年金受給者の日々へ 悪戦苦闘の記録から

自分のXデーに向かってまっすぐに走る日々
   年金受給前の悪戦苦闘の日々より

あてにせず

2010-10-02 00:00:00 | Weblog
 毎日いろんな方の就職支援をしていると、ふと感じることがあることの一つに、人はなぜ働きたいのだろうか、というものがある。成人は働くのが当たり前だろうという意見の前に立ちふさがる疑問である。若い人と相対面している時よりも、中高年、特に60歳以上の人が働きたい意欲を駆り立てるものの理由には確かに生活費の補填のためとかお小遣い欲しさのためとかの理由をつけて、相談員の私に向かい、どこか自分がやれそうな仕事を紹介してくれ、と話し掛けてこられる。しかしよくよく話をお聞きしていると、ジットしていれば極貧の最低生活は、きっと守ることができそうであるにもかかわらずである。ジットする、つまり孤独の中で日がな一日、また365日送ることができないがために社会に出て働きたい・・と言っているように私には聞こえてならない。人は、喰って寝てゴソゴソ身体を動かすだけの生活をすることで満足できるものではないことを、暗に私に伝えているのかもしれない。人と繋がるために、心地よい感情のなかで日々を送らんがために、その場所を求めて私に向かって、その場所を探してくれ・・・と心からの叫びのようにも聞こえる。何も生活を守るためとかではなく、むしろ孤独感からの解放のために仕事に向かうように感じる。
 「森の生活」を書き記したソローの、自分一人という個の中の宇宙で自然と共に暮らすことができるようにならないものだろうか、と自分は念願している。
 2ヶ月に及ぶ入院中の弟が病院の中のベッド生活に飽き飽きしてきて医師や看護士に文句を言っている。
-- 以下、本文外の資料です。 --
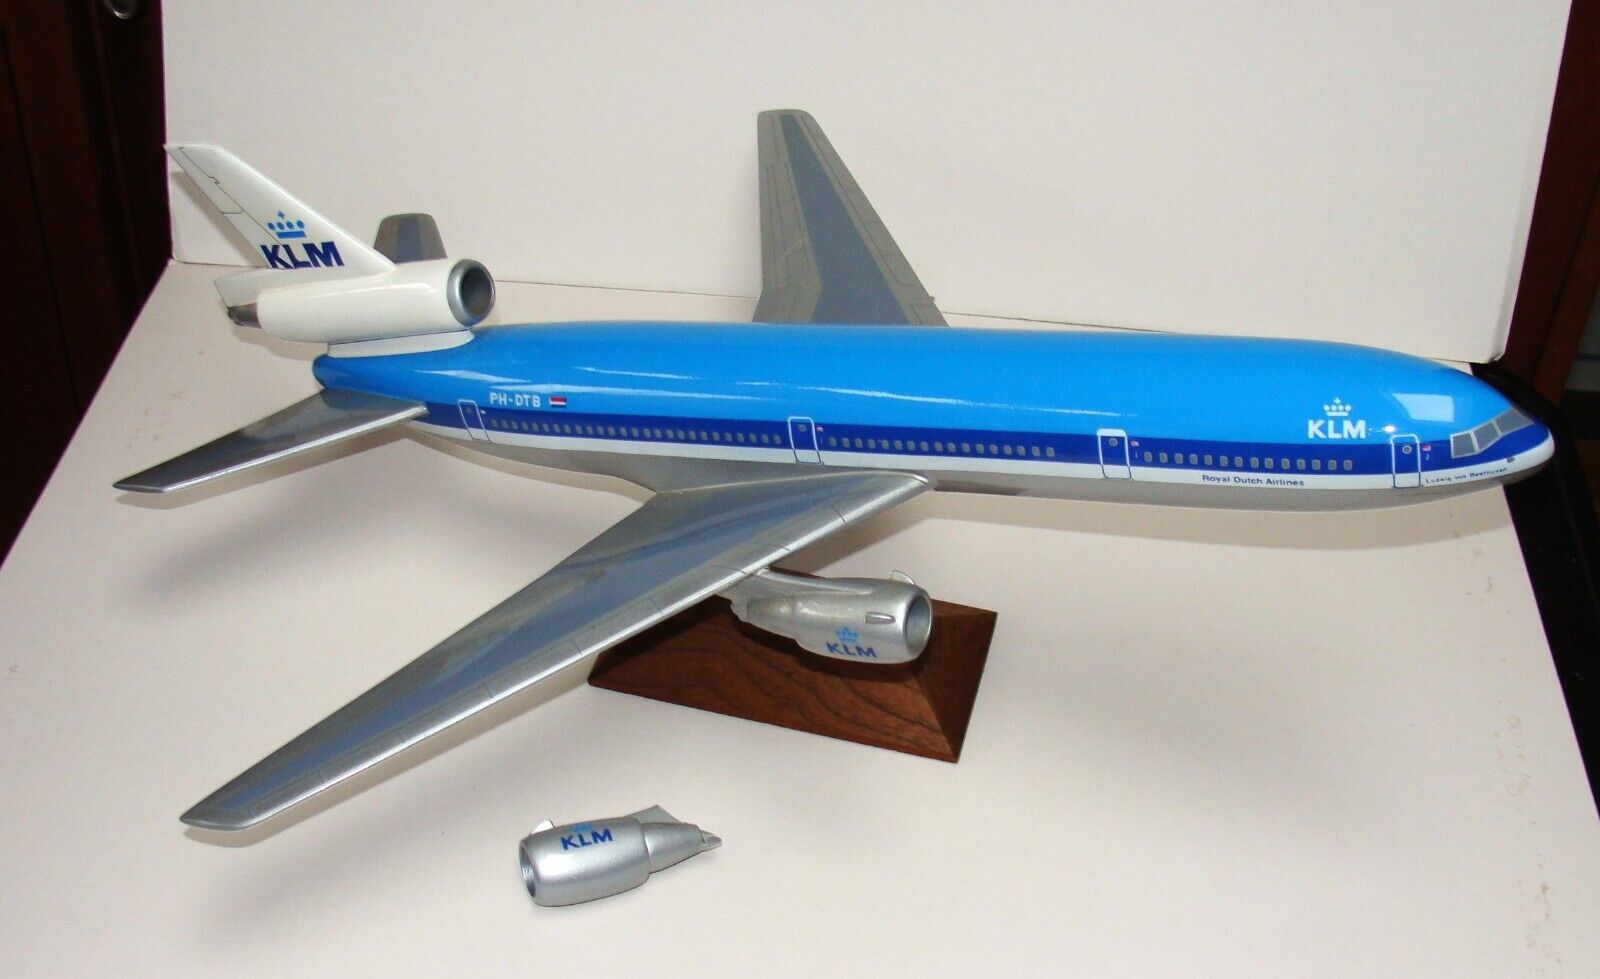 ORIG 1990's McDONNELL DOUGLAS MD11 - KLM AIRLINES - AGENCY DESK MODEL - PH-DT8
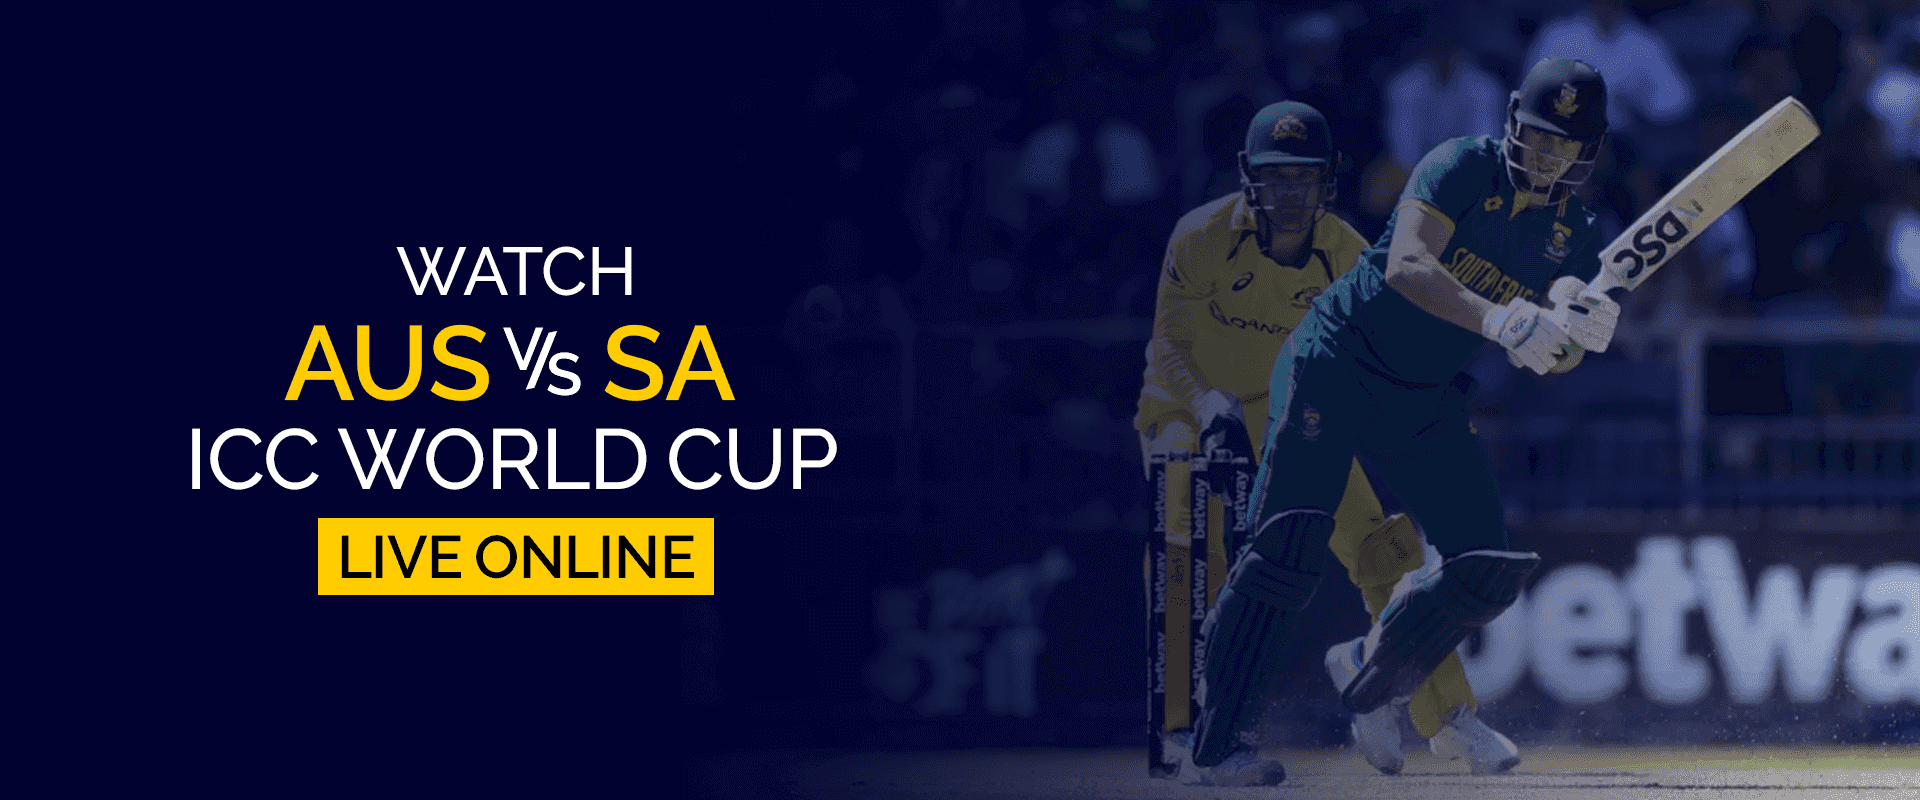 Se AUS vs SA ICC World Cup live online

今日帰る、などと宣言したものの自分一人ではどうすることもできず、私と妻が病院へ向かう。結局、多忙な医師と連絡が取れなく、今日のところは弟を久し振りの温泉へ連れて行くことにした。タオルも絞ることができないほど、一人で浴槽に浸かることもできない体につき、頭から身体までゴシゴシと垢を落とす。本人は気持ちいい、垢が落ちた分体が軽くなった・・・などと喜んだ。ついでに病院食が大変マヅいのでここでで肉うどんを食べて帰る・・と言った。